▸ DATASET SECTION:
=== Begin Enclosure ===

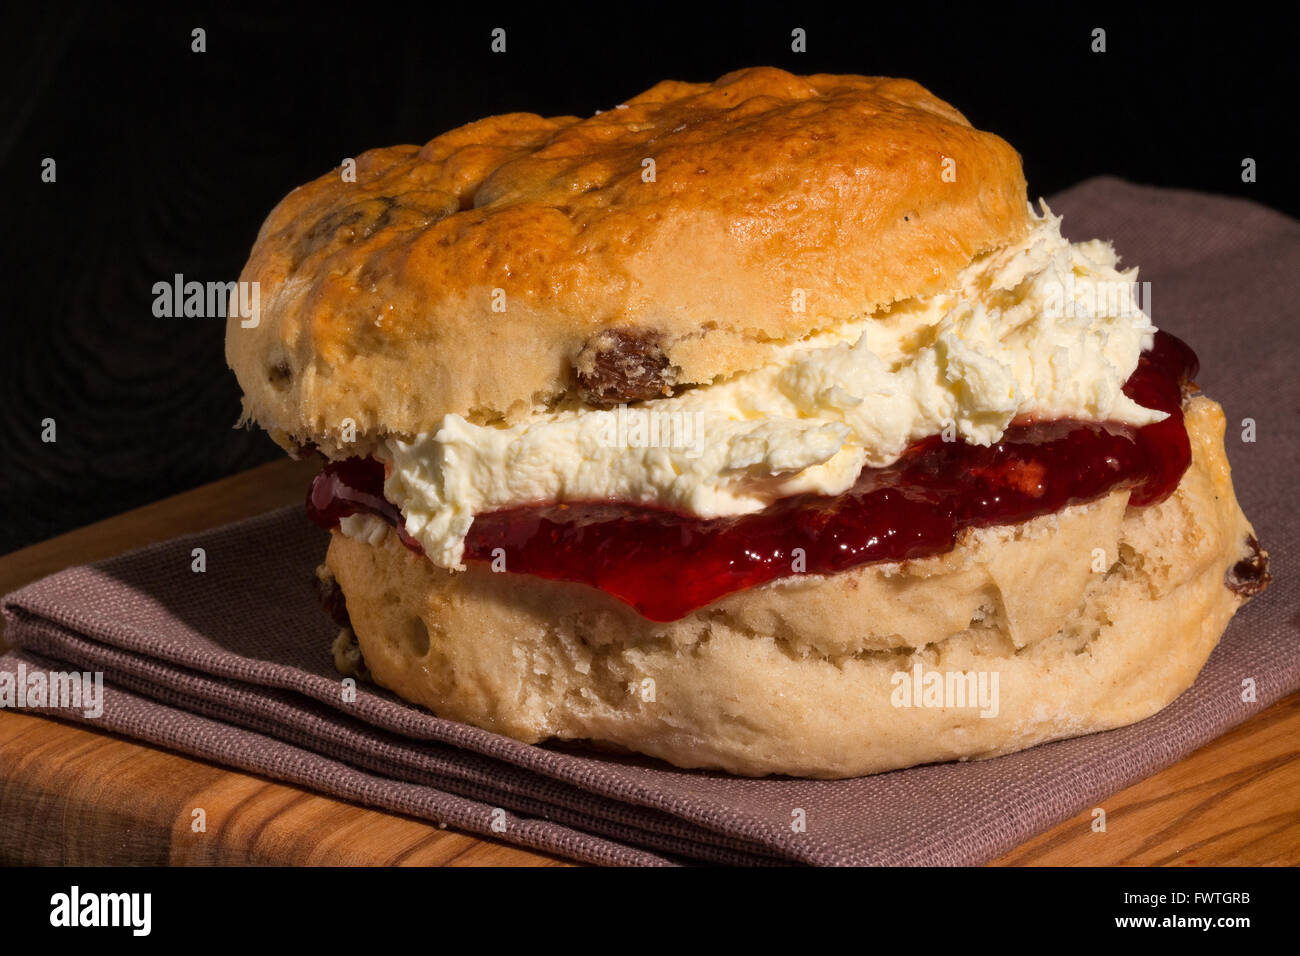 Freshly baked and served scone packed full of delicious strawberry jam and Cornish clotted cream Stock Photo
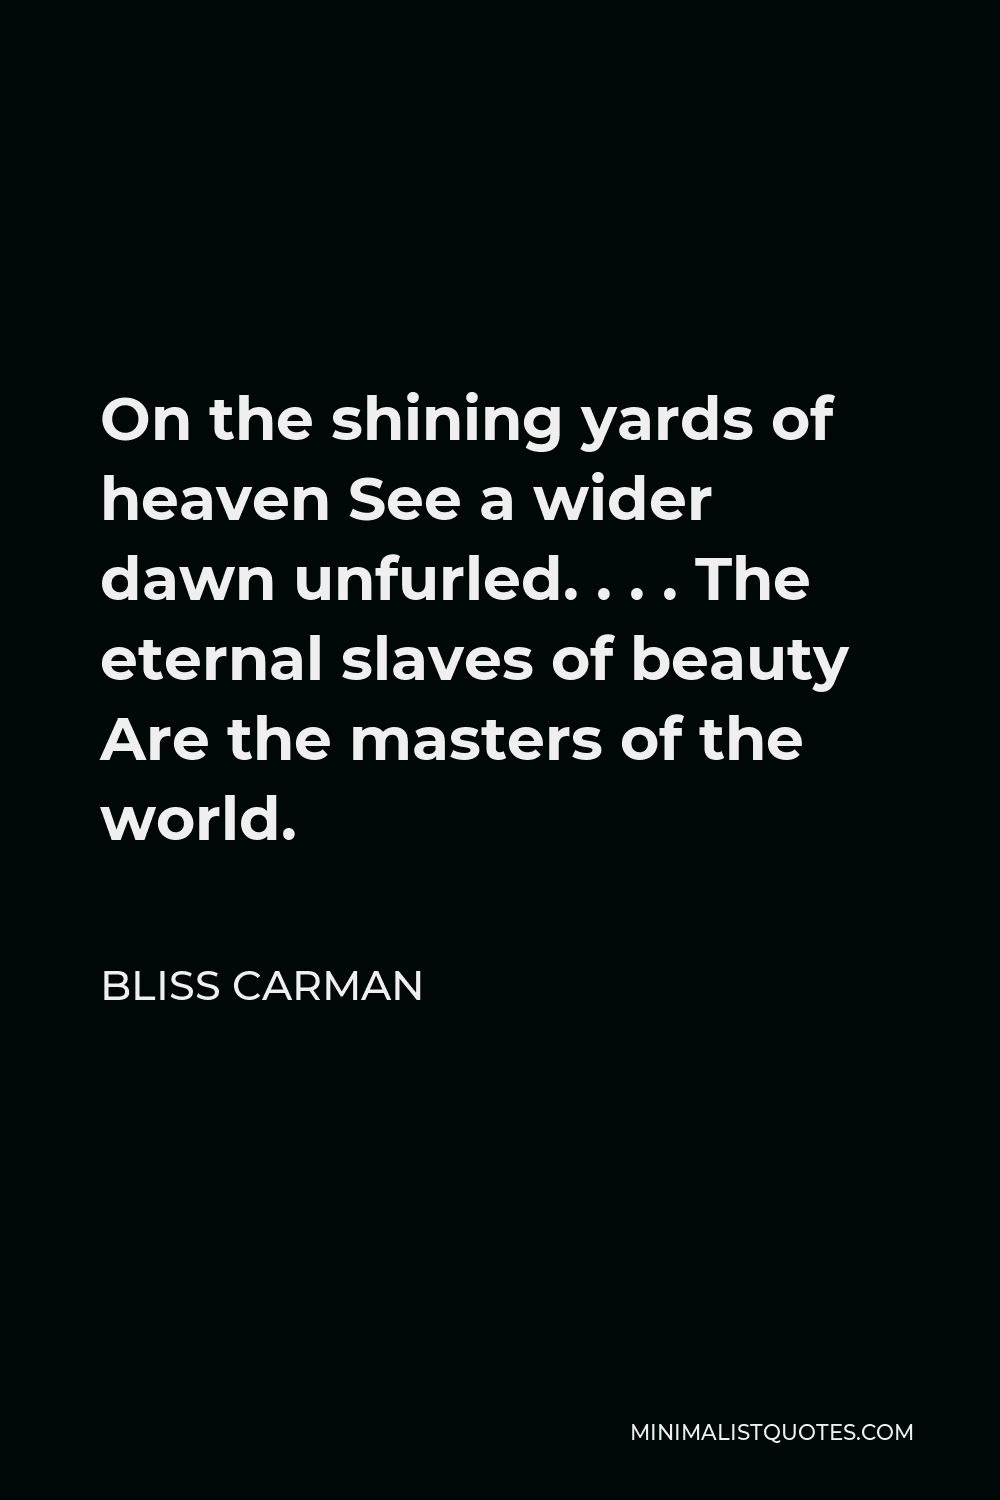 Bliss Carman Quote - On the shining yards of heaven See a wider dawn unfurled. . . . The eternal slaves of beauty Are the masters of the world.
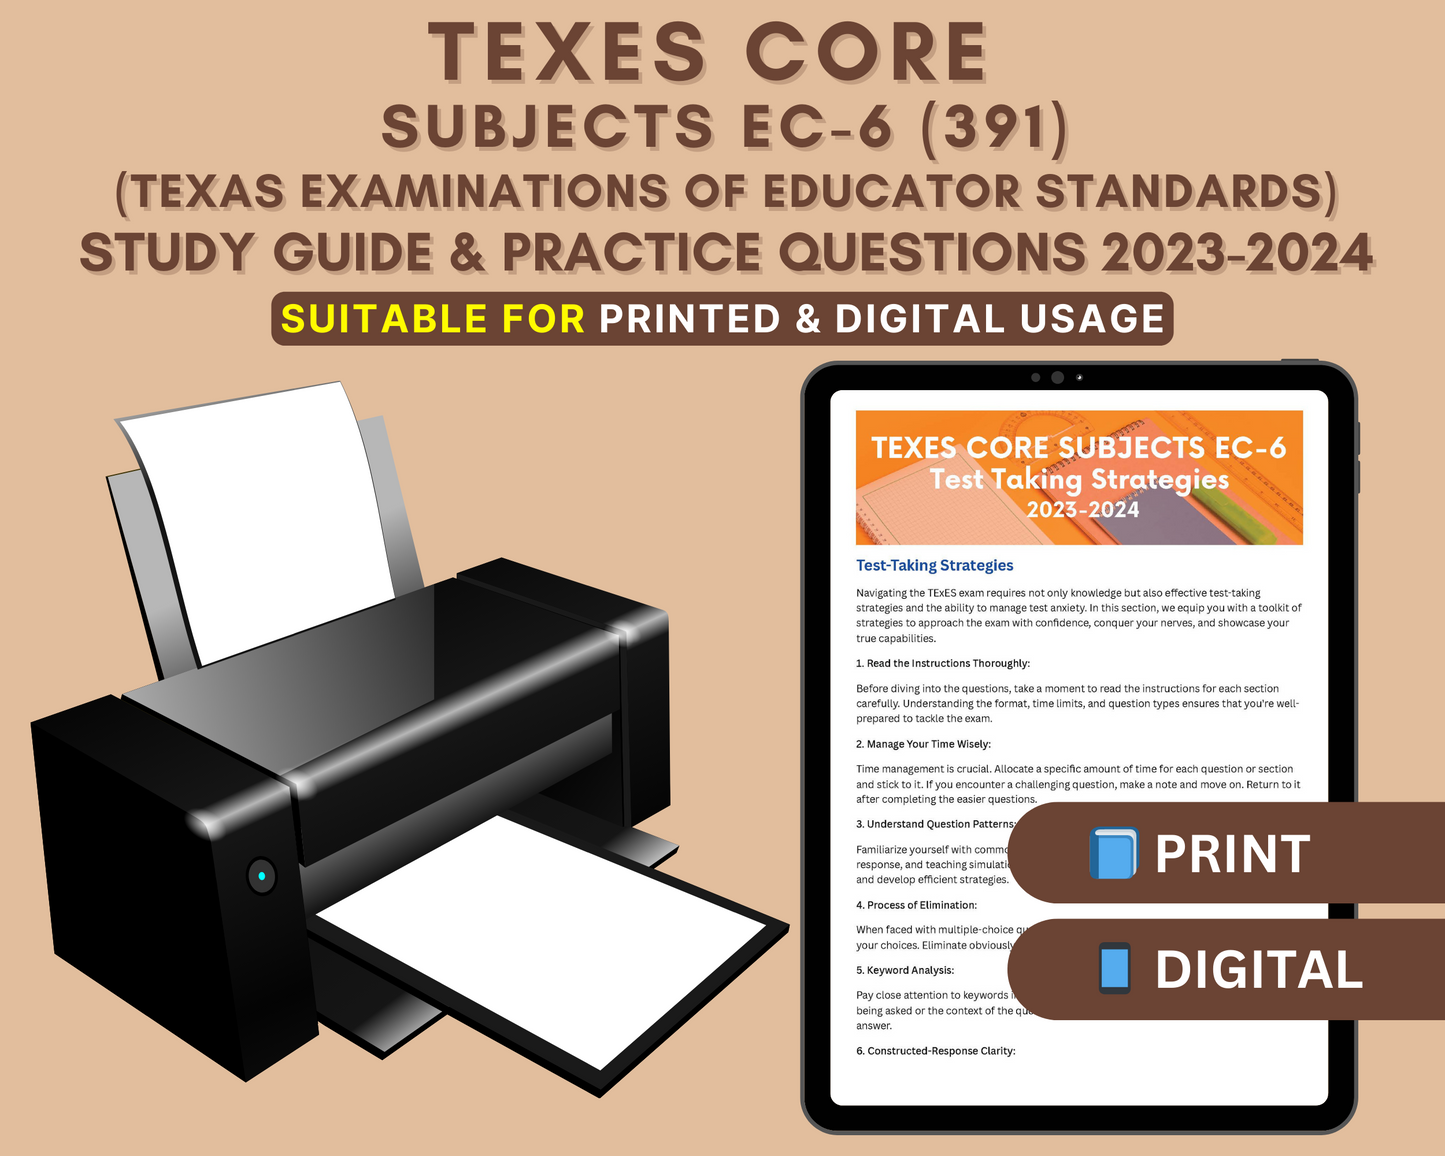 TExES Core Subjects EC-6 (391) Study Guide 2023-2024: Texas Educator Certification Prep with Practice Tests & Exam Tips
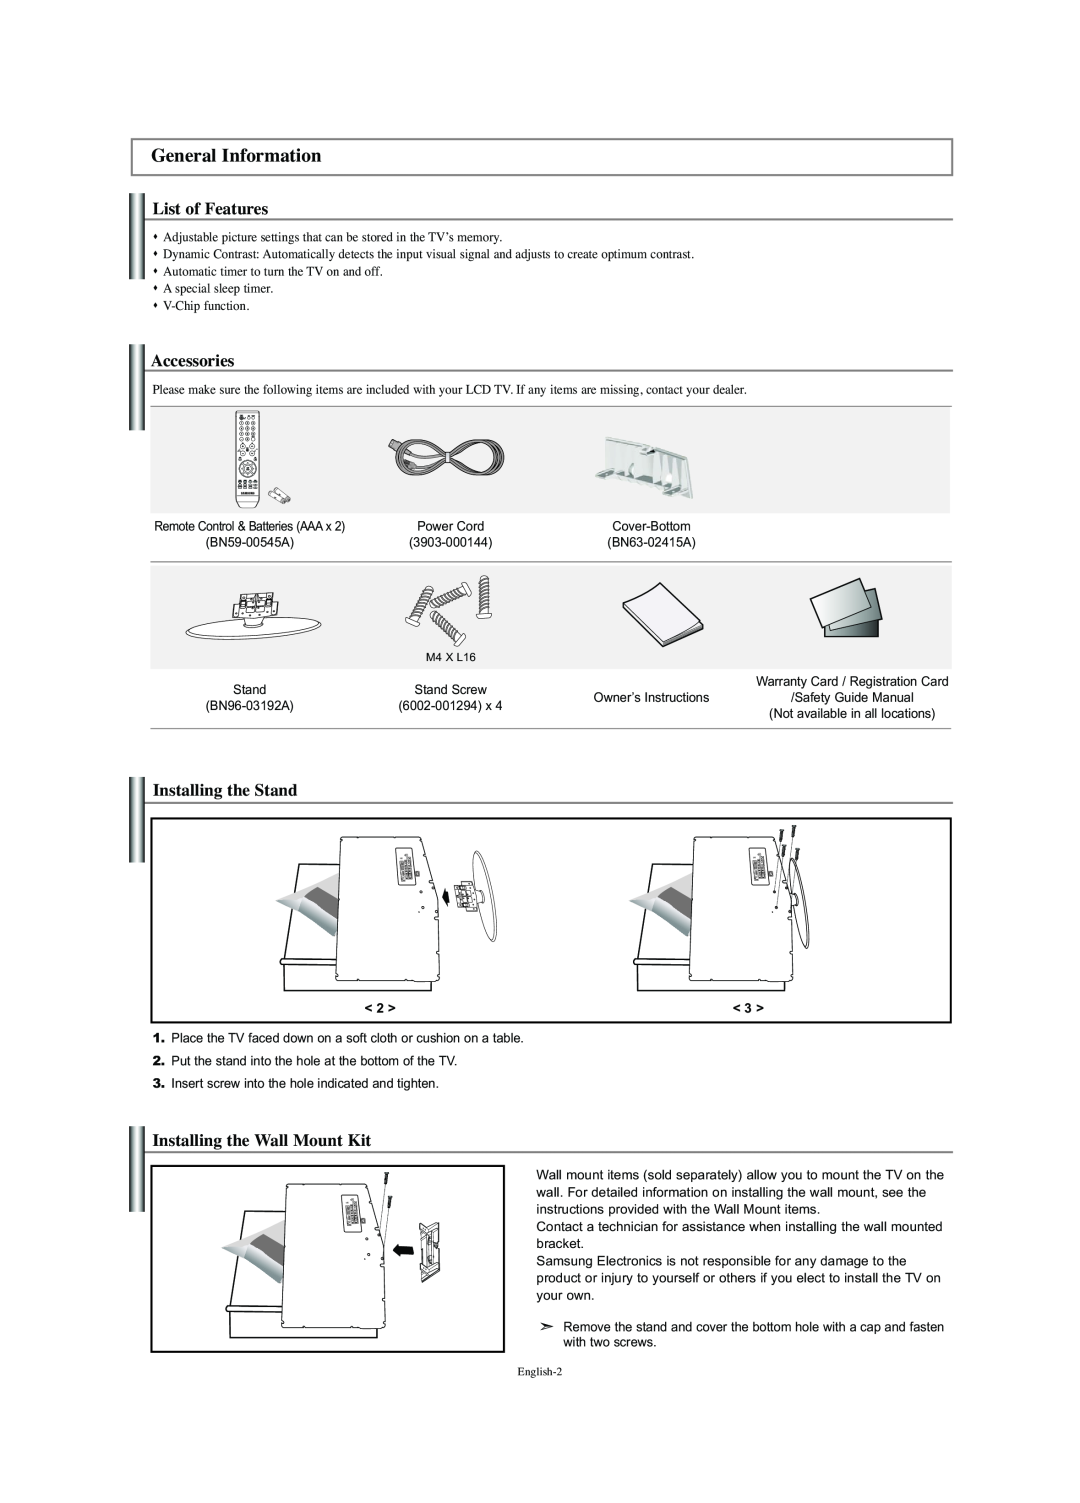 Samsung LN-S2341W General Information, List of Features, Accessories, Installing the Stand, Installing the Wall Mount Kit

=== End Enclosure ===

▸ ASSIGNED TASK:
Your task is to return the lines above, from the first one up to and including the line containing "TExES Core Subjects", minus any pictures.

▸ ANSWER TO THIS PROBLEM:
 Freshly baked and served scone packed full of delicious strawberry jam and Cornish clotted cream Stock Photo
 Bliss Carman Quote - On the shining yards of heaven See a wider dawn unfurled. . . . The eternal slaves of beauty Are the masters of the world.
 TExES Core Subjects EC-6 (391) Study Guide 2023-2024: Texas Educator Certification Prep with Practice Tests & Exam Tips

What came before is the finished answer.